The market is always wrong
In practice the market is always wrong - it's only a matter of how wrong it is and how easy it is to pinpoint this error. There may be even big efficiency differences between different indices or markets and in somewhat peripheric indices like the Helsinki OMX-H the efficiency is probably lower than in bigger indices. As time passes efficiency might also grow. For example as the awareness of the January and May phenomena has grown, their effect may have become lower - or on the other hand sometimes these can be seen as self-fulfilling prophecies which would actually result in the opposite. What's more important, however, is that internet with all its information, interaction and the ease of trade should create a certain kind of intelligence of the masses. On the other hand as the amount of players on the playground grows, so might the amount of fools and lemming behaviour.

The dynamics of efficiency will probably still experience many changes. Information efficiency will still probably grow at least in terms of information available. However, as the world economy has become more and more connected, there is always a need for even more information and a possibility for more unexpected emotional bursts. Whereas movie critics for example evaluate a static fully finished product, the different parties in the stock market need to evaluate a constantly living, massive and hugely dynamic web of securities. And what's more, these stock market "critics" - investors, analysts and media - all live in interaction with the market, which in turn may cause self-fulfilling speculation and chain reactions.

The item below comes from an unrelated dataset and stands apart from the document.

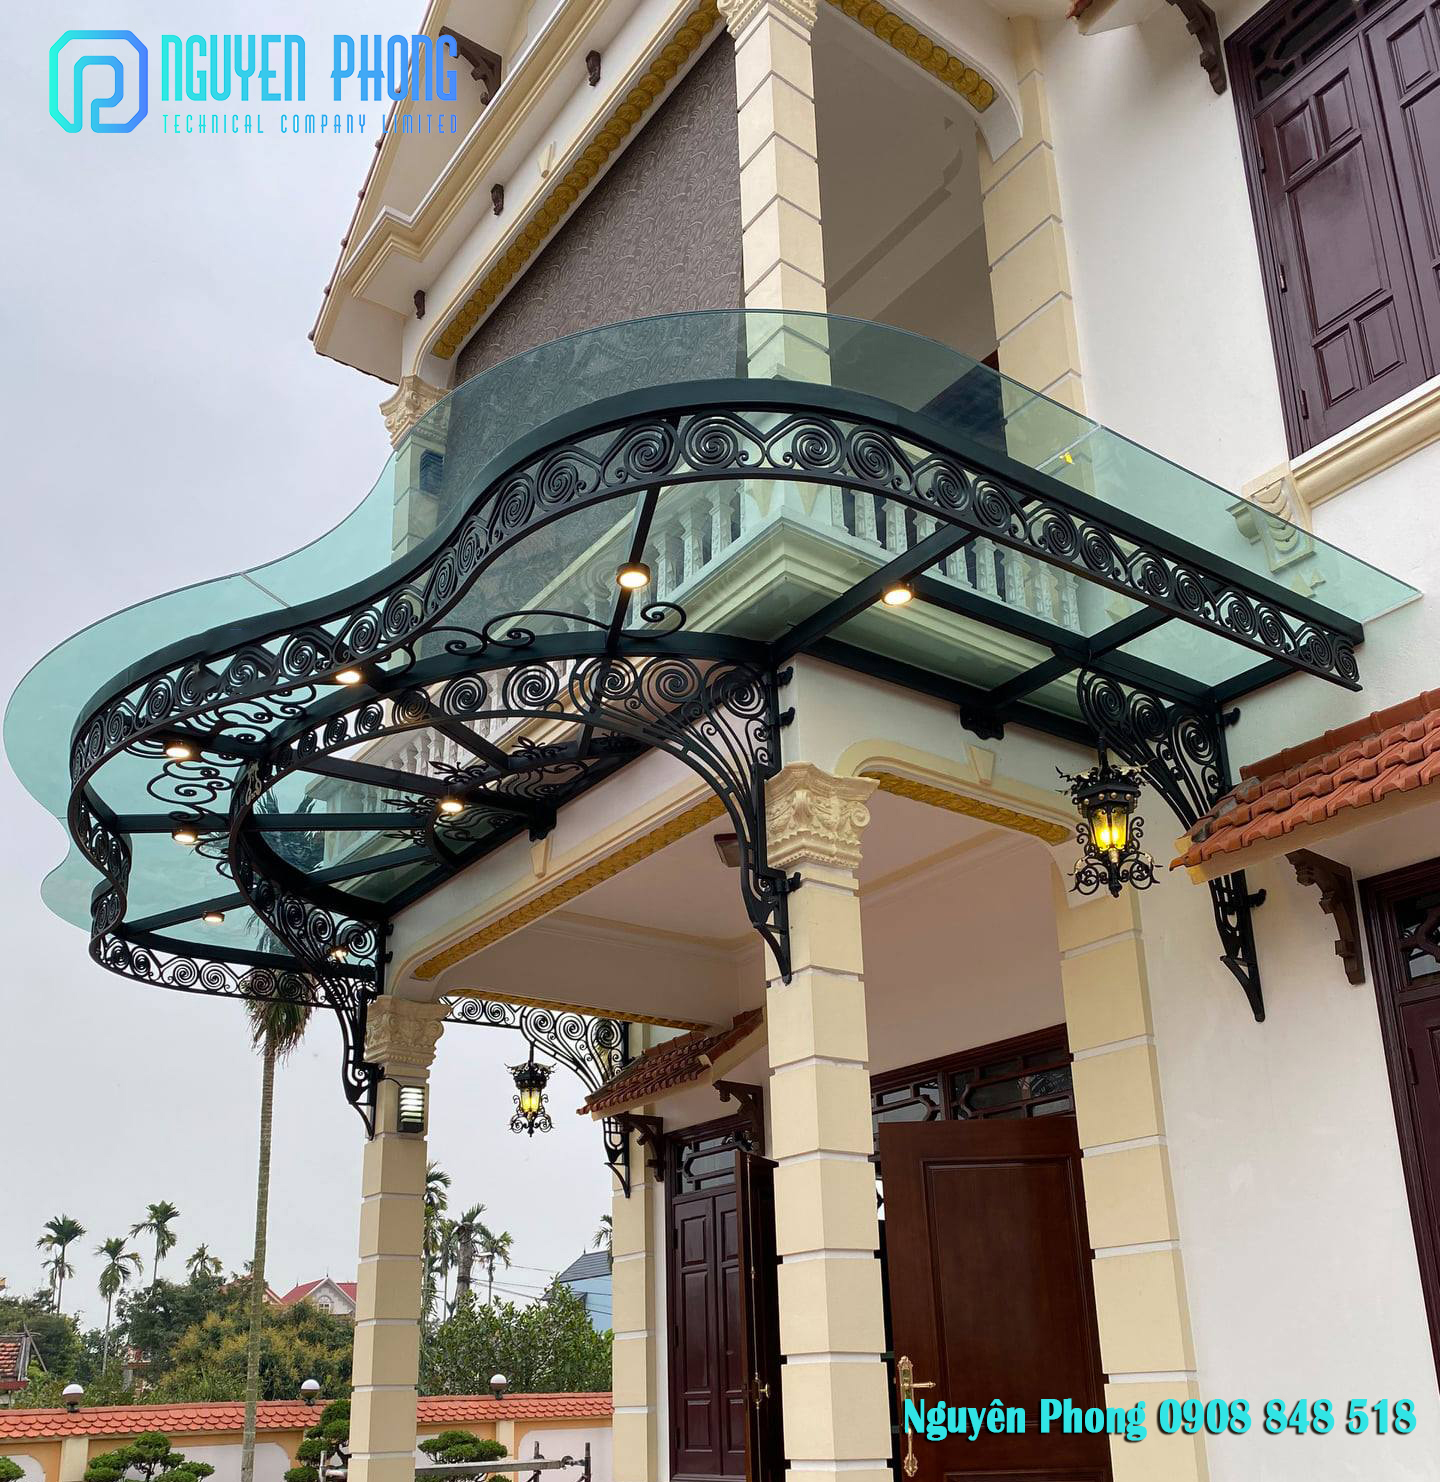 glass-wrought-iron-entry-door-canopy-awning-wrought-iron-canopy-15.jpg

All "critic parties" influence the market movement not only in the price formation of securities but also in the real economy. Thus, even absurd and originally inefficient psychologic-speculative reactions may through their own influence result in those reactions being partially sound and even expressing efficiency in a way. When you end up in a market that's been hit by a overreaction, even the tiniest straw can then break the back of that psychological camel, and once again the the entire market will turn from bull to bear or vice versa, and all this affects the real economy as well.

In a way, in addition to business cycles, one could define efficiency cycles. When efficiency gets too low, the motivational precondition for efficiency will get higher, and efficiency will grow. And when efficiency gets too high, the motivation gets lost and inefficiency takes over. By evaluating how efficient the market at a given time is, an investor might get clues on how worthwhile it is to investigate various investment possibilities. When efficiency gets low, it's time to strike.